To read in all the data,  I’ll use:

mydt <- fread("data/survey_results_public.csv")

Next, I’ll create a new data.table with just a few columns to make it easier to work with and see results. A reminder that data.table uses this basic syntax: 

mydt[i, j, by]

The data.table package introduction says to read this as “take dt, subset or reorder rows using i, calculate j, grouped by by.” Keep in mind that i and j are similar to base R’s bracket ordering: rows first, columns second. So i is for operations you’d do on rows (choosing rows based on row numbers or conditions); j is what you’d do with columns (select columns or create new columns from calculations). However, note also that you can do a lot more inside data.table brackets than a base R data frame. And the “by” section is new to data.table.

Since I’m selecting columns, that code goes in the “j” spot, which means the brackets need a comma first to leave the “i” spot empty:

mydt[, j]

Select data.table columns

One of the things I like about data.table is that it’s easy to select columns either quoted or unquoted. Unquoted is often more convenient (that’s usually the tidyverse way). But quoted is useful if you’re using data.table inside your own functions, or if you want to pass in a vector you created somewhere else in your code.

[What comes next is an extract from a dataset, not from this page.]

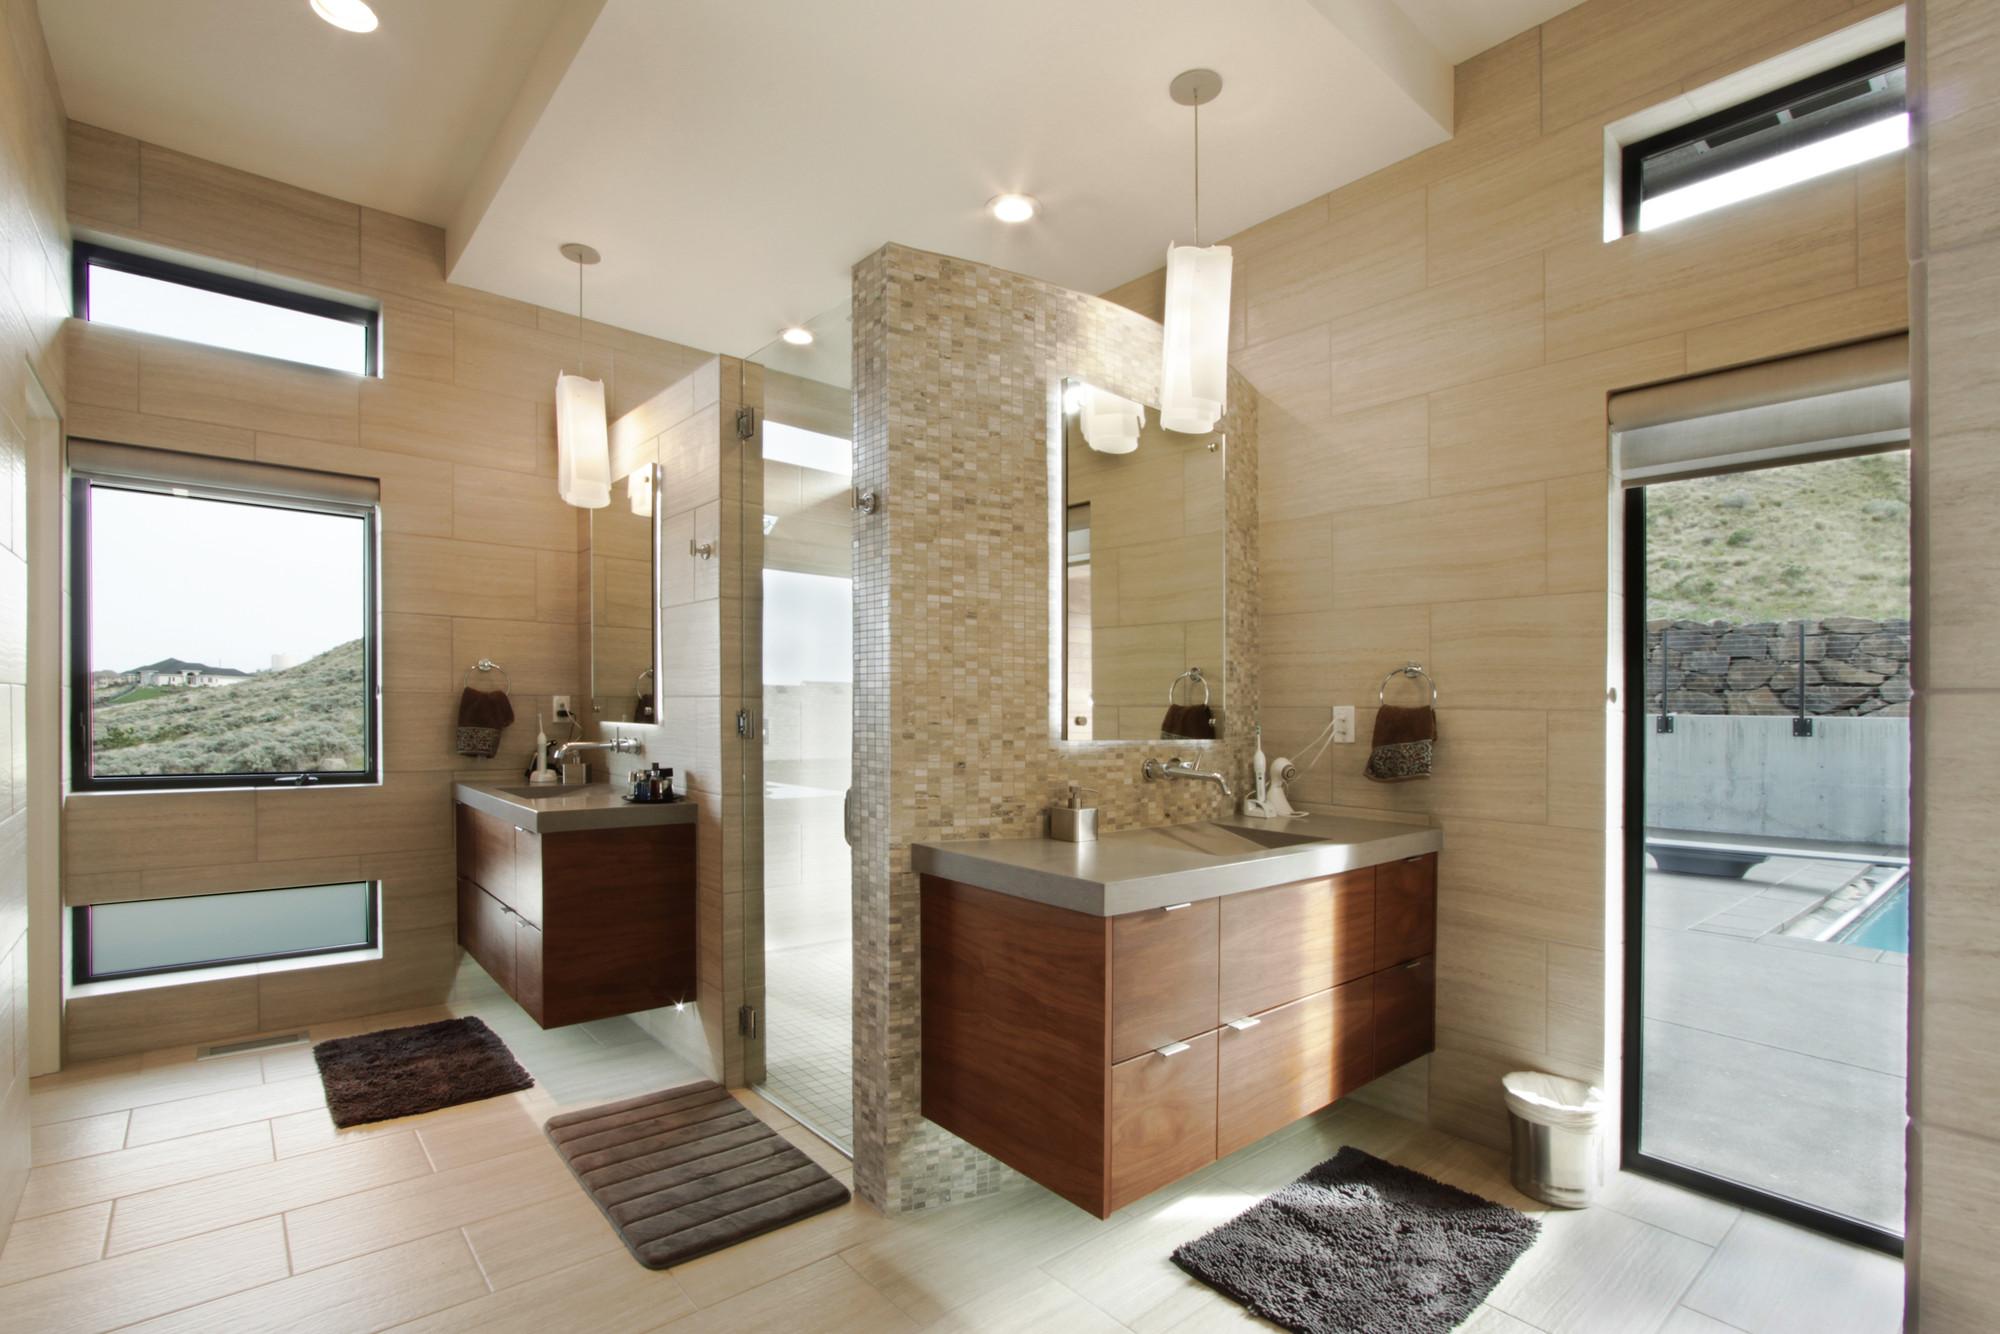 Galeria de casa na montanha badger first lamp for W 4 bathrooms chiswick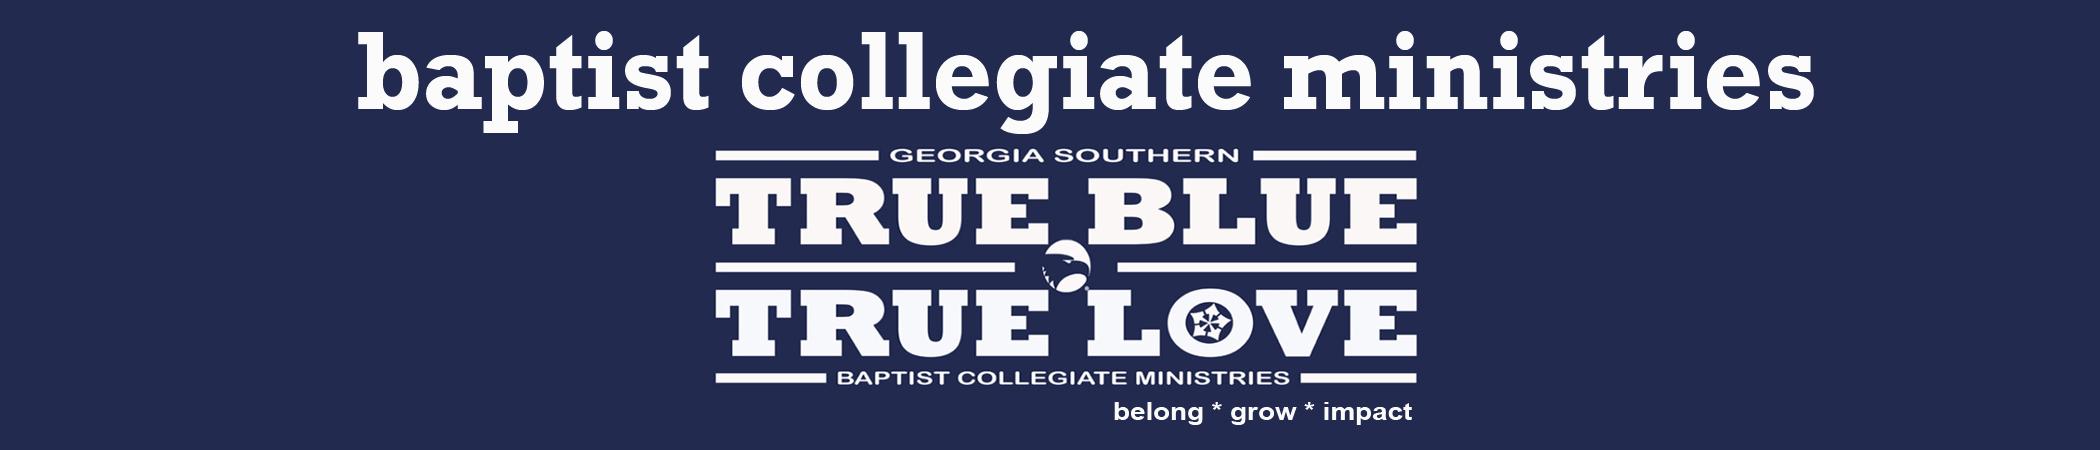 GeorgiaSouthernBCM | Baptist Collegiate Ministries

You can select data.table columns the typical base R way, with a conventional vector of quoted column names. For example: 

dt1 <- mydt[, c("LanguageWorkedWith", "LanguageDesireNextYear", 
"OpenSourcer", "CurrencySymbol", "ConvertedComp”,
“Hobbyist”)]

If you want to use them unquoted, create a list instead of a vector and you can pass in the unquoted names. 

dt1 <- mydt[, list(LanguageWorkedWith, LanguageDesireNextYear, 
OpenSourcer, CurrencySymbol, ConvertedComp,
Hobbyist)]

And now we come to our first special symbol. Instead of typing out list(), you can just use a dot:

dt1 <- mydt[, .(LanguageWorkedWith, LanguageDesireNextYear, 
OpenSourcer, CurrencySymbol, ConvertedComp,
Hobbyist)]

That .() is a shortcut for list() inside data.table brackets.

What if you want to use an already-existing vector of column names? Putting the vector object name inside data.table brackets won’t work. If I create a vector with quoted column names, like so: 

mycols <- c("LanguageWorkedWith", "LanguageDesireNextYear", 
"OpenSourcer", "CurrencySymbol", "ConvertedComp", "Hobbyist")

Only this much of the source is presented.